Data entries:
★ ★ ★ ★

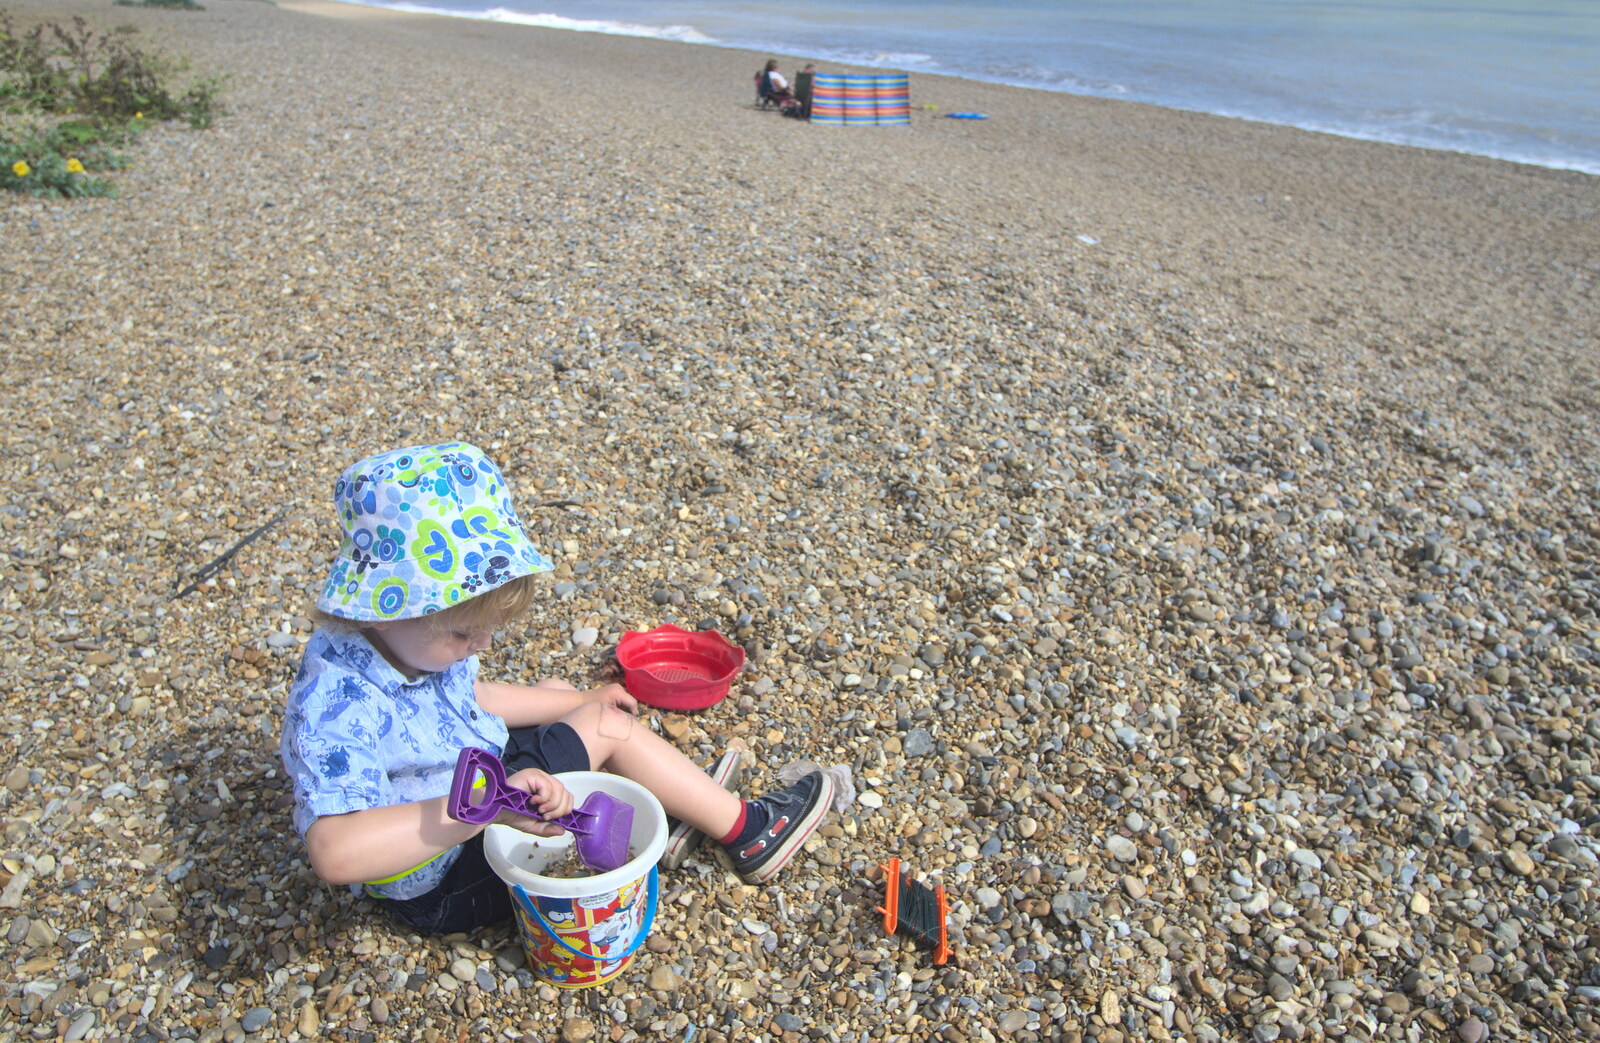 Back on the beach on a sunnier day from Camping by the Seaside, Cliff House, Dunwich, Suffolk - 15th August 2012
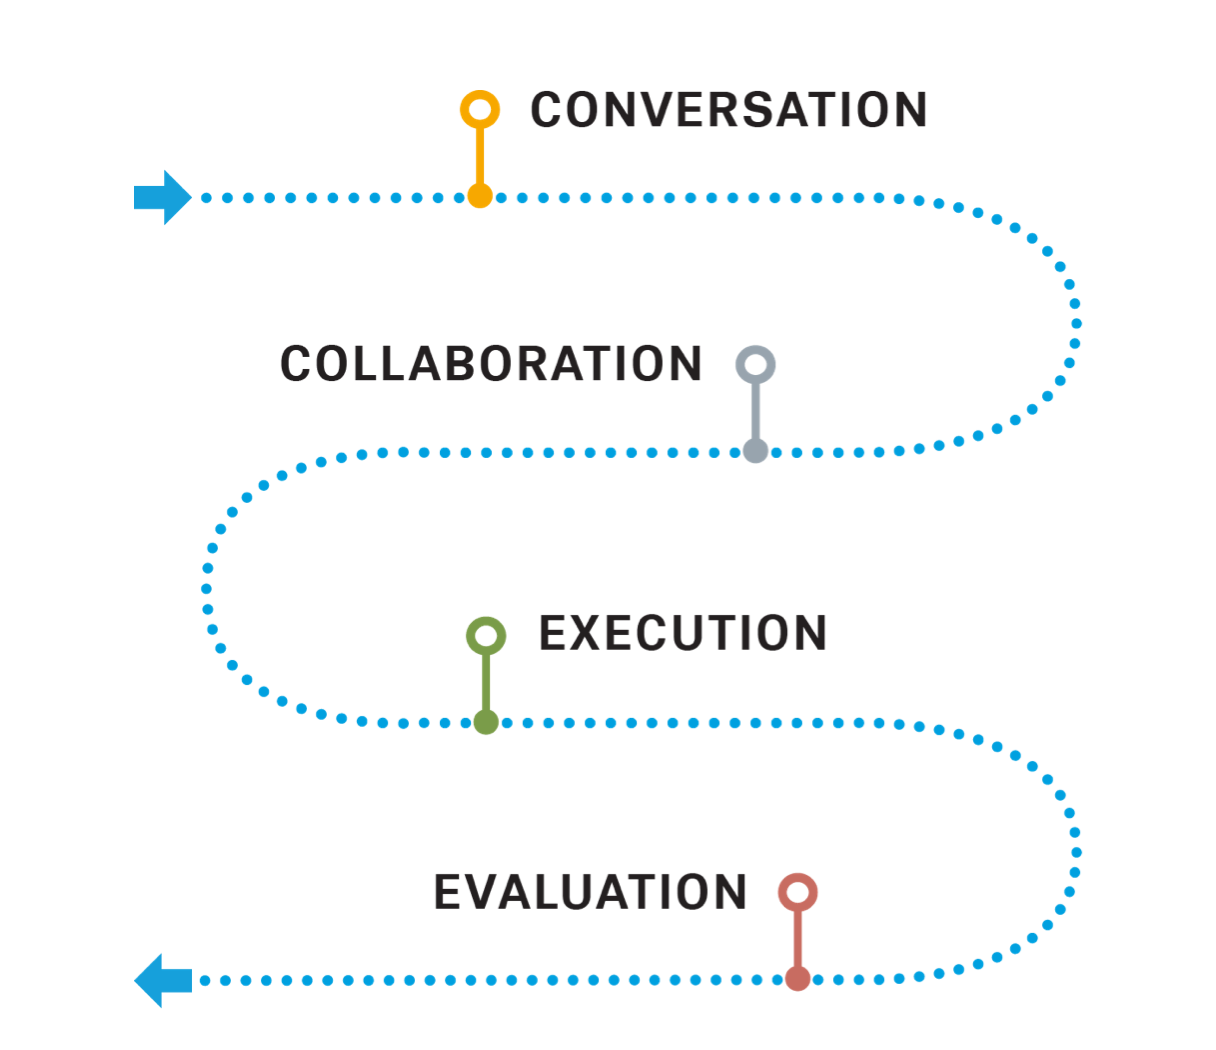 Planning process journey graphic leading from conversation to collaboration to execution and ending in evaluation.
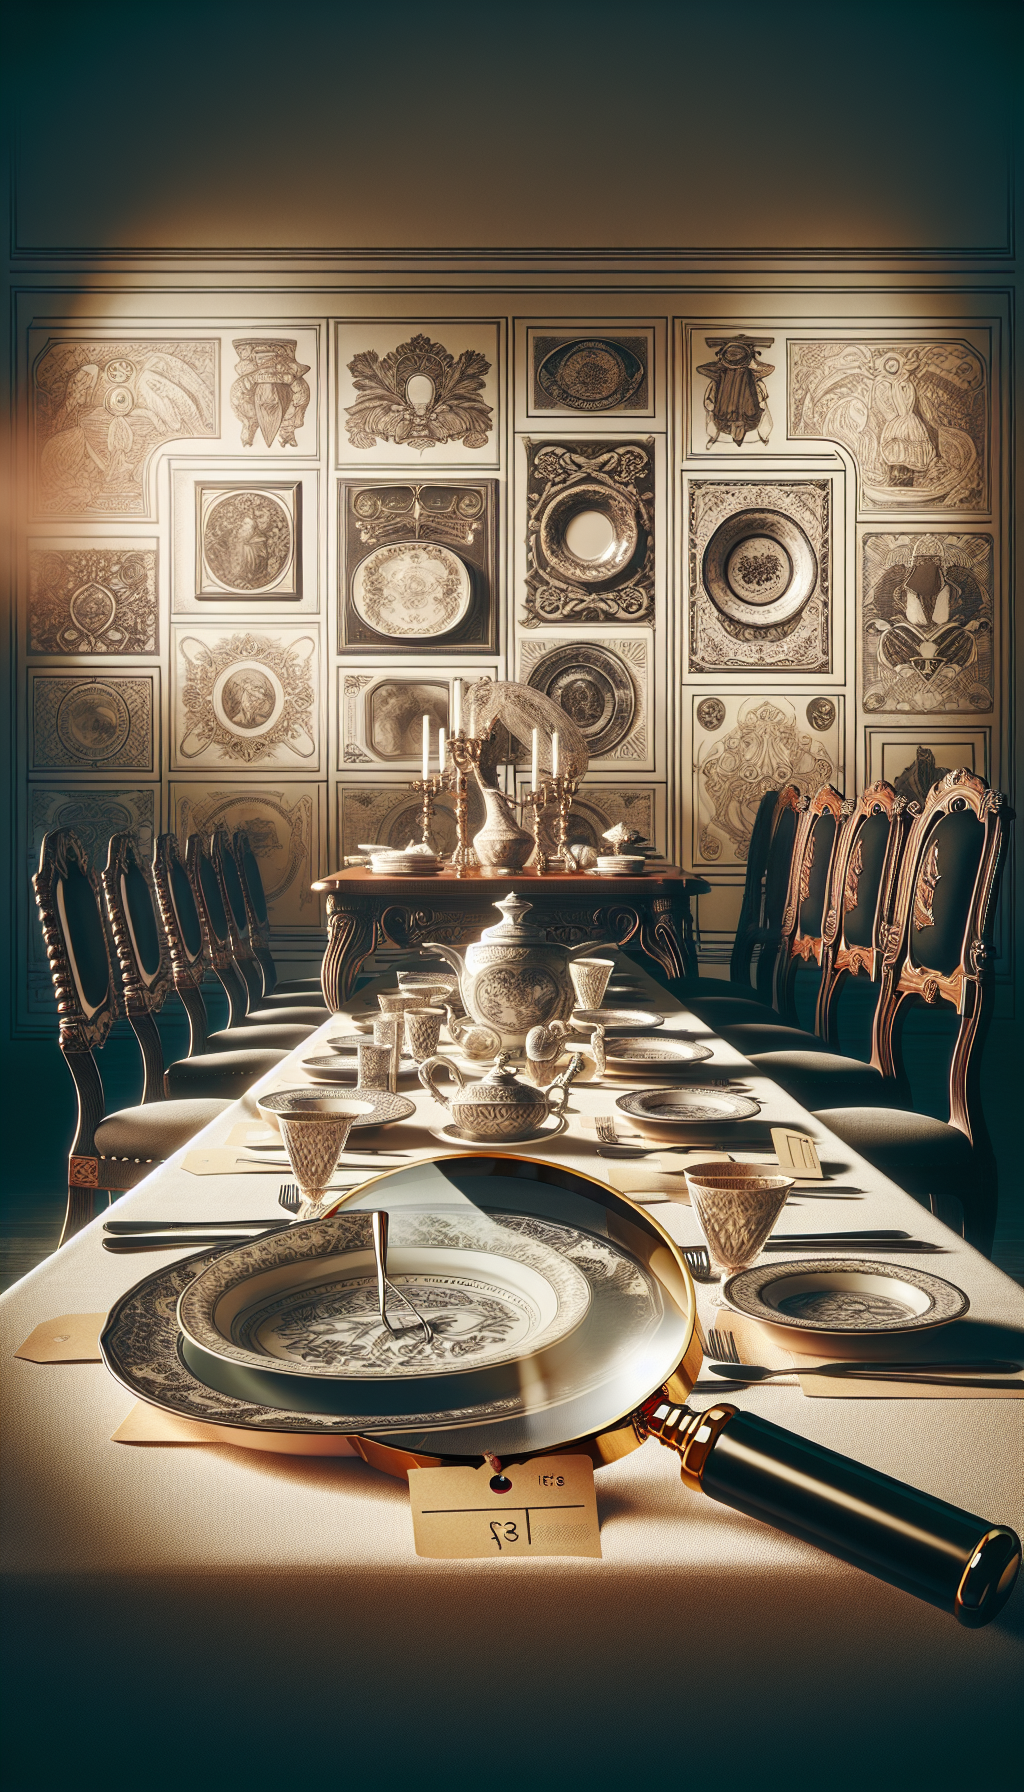 An ornate Victorian dining table set elegantly with lustrous antique dishes, each with a delicate tag indicating its era and value. The background shifts in style, from baroque to art deco, subtly highlighting various historical periods. At the forefront, a magnifying glass hovers over a dish, with a shimmering price visible as if appraised through the lens of time.
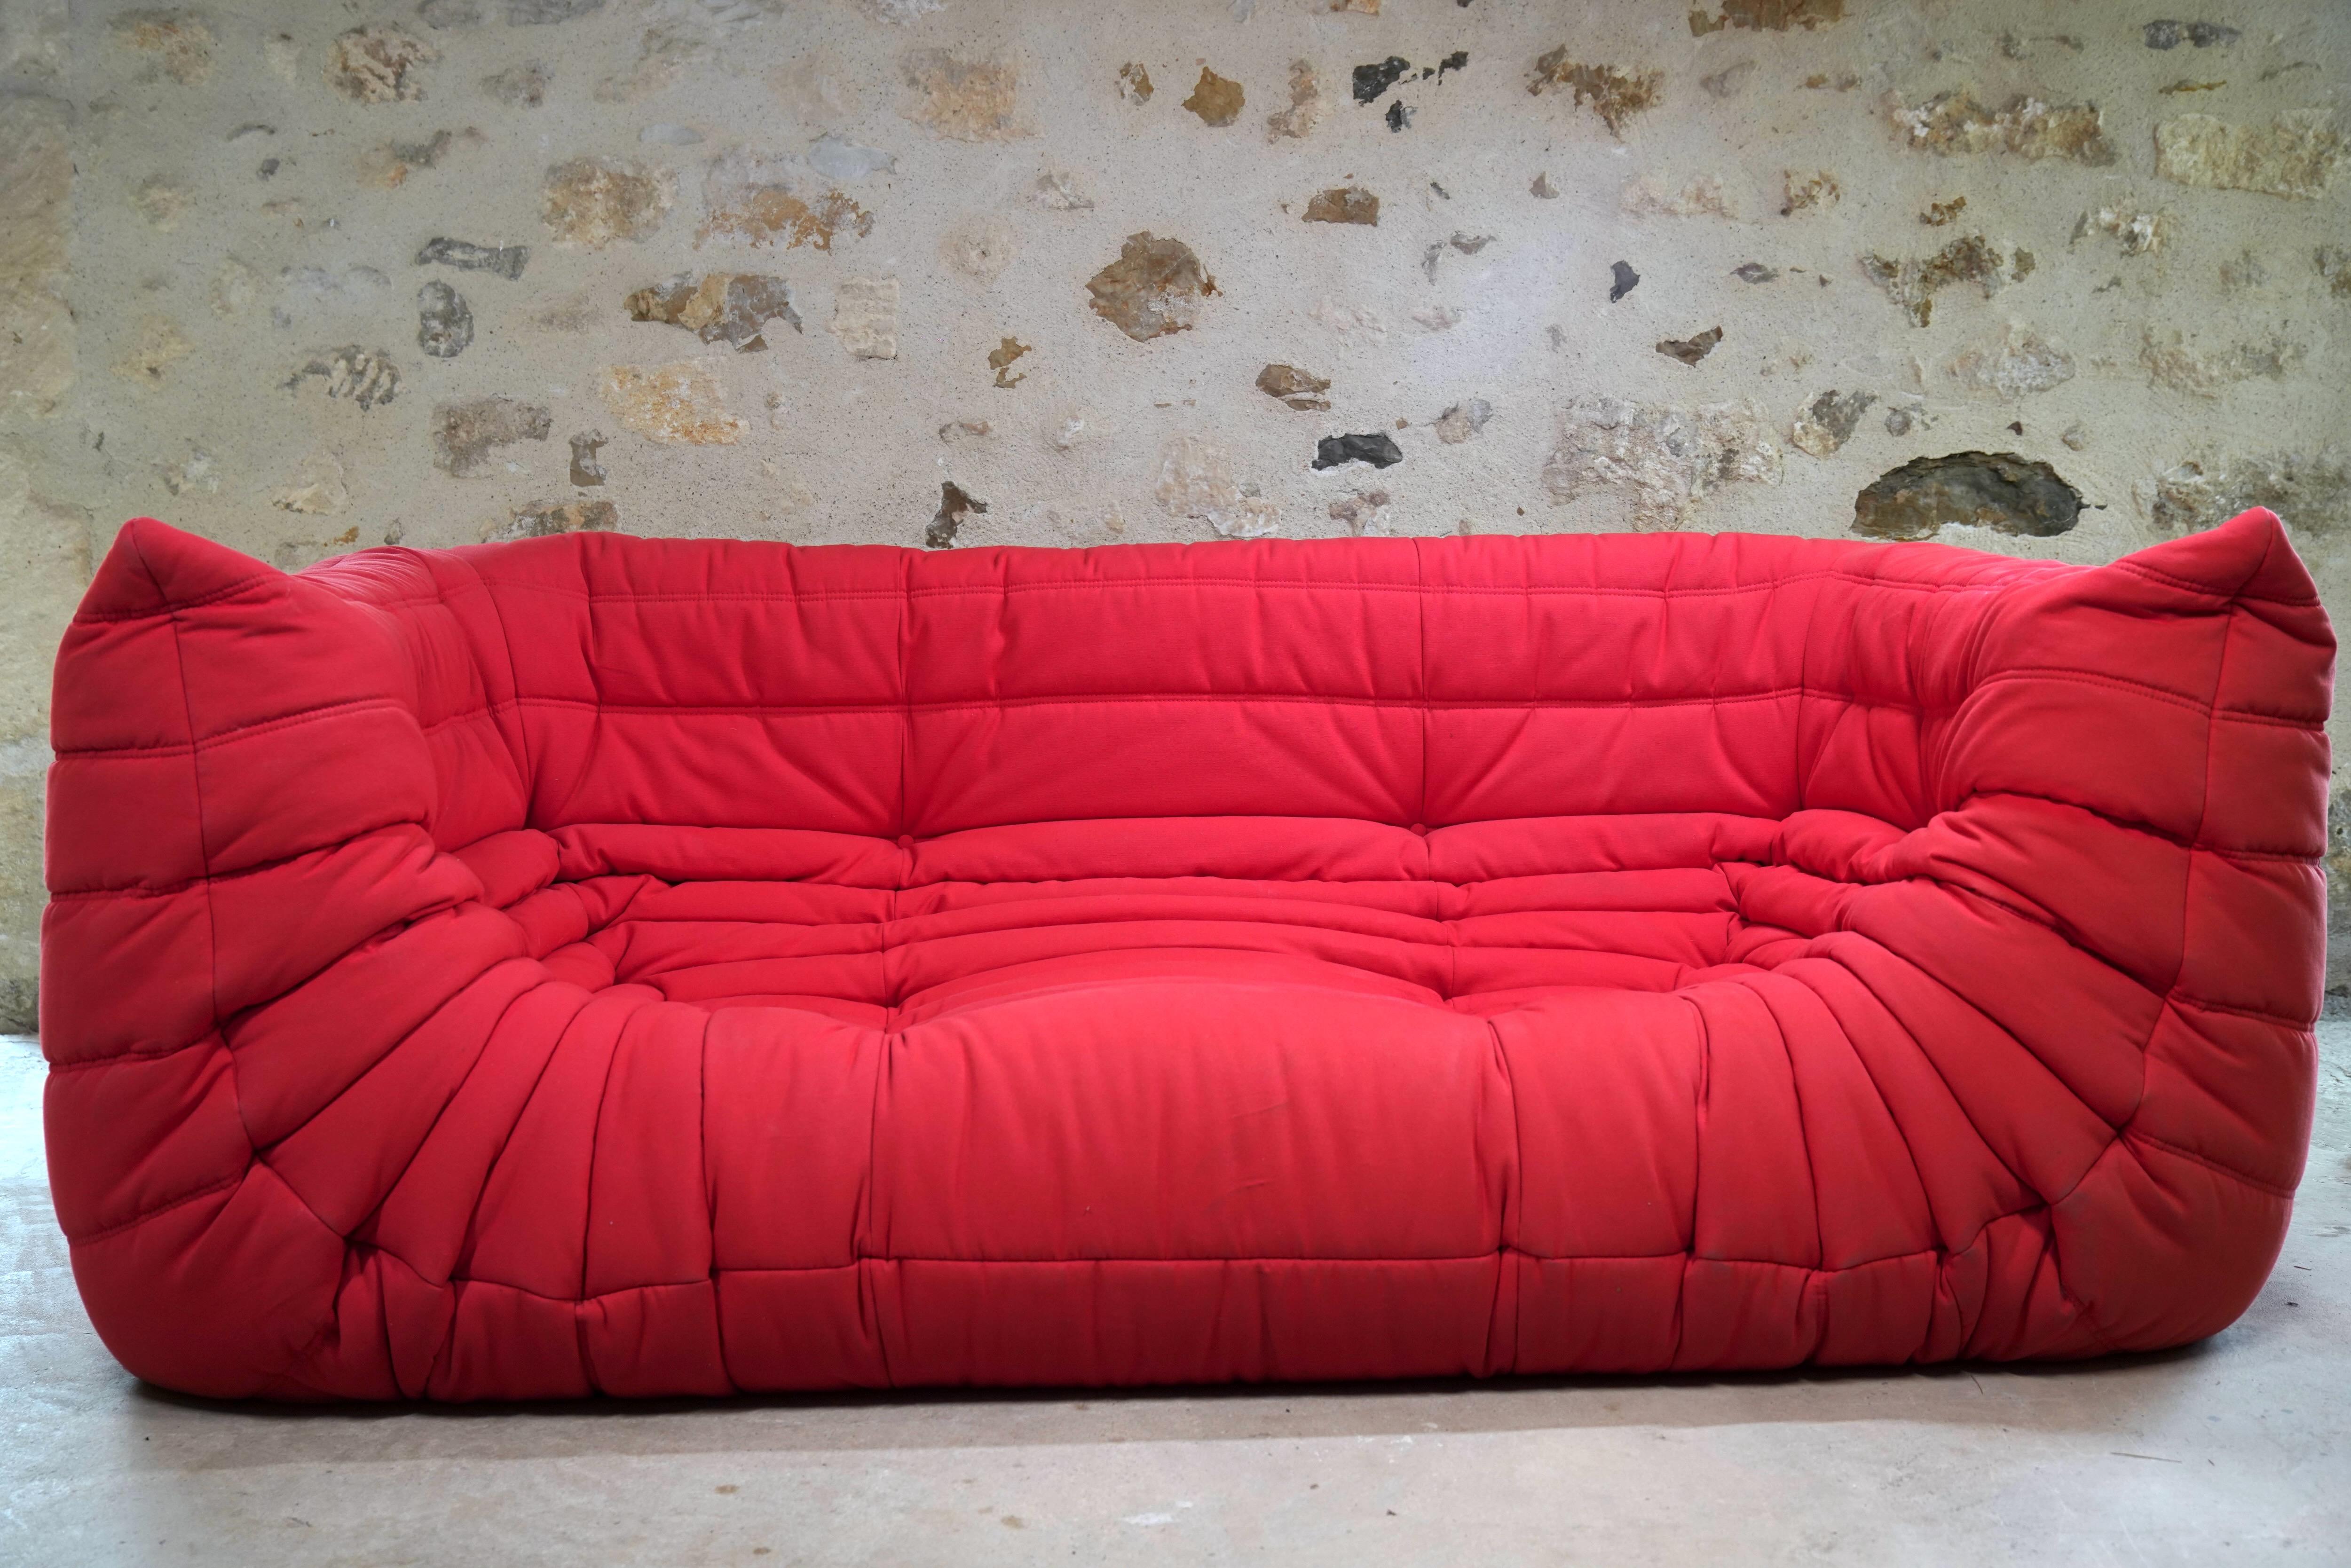 Gorgeous three-seater red Alcantara Togo sofa designed by Michel Ducaroy for Ligne Roset from 2006.

Designer Michel Ducaroy drew inspiration for the Togo's design from an aluminum toothpaste tube noticing it “folded back on itself like a stovepipe

★ ★ ★ ★

Exercise directions: Although the records contain pictures, only their text should be repeated, exactly as it appears.

Response area:
 Back on the beach on a sunnier day from Camping by the Seaside, Cliff House, Dunwich, Suffolk - 15th August 2012
 Planning process journey graphic leading from conversation to collaboration to execution and ending in evaluation.
 An ornate Victorian dining table set elegantly with lustrous antique dishes, each with a delicate tag indicating its era and value. The background shifts in style, from baroque to art deco, subtly highlighting various historical periods. At the forefront, a magnifying glass hovers over a dish, with a shimmering price visible as if appraised through the lens of time.
 Gorgeous three-seater red Alcantara Togo sofa designed by Michel Ducaroy for Ligne Roset from 2006.

Designer Michel Ducaroy drew inspiration for the Togo's design from an aluminum toothpaste tube noticing it “folded back on itself like a stovepipe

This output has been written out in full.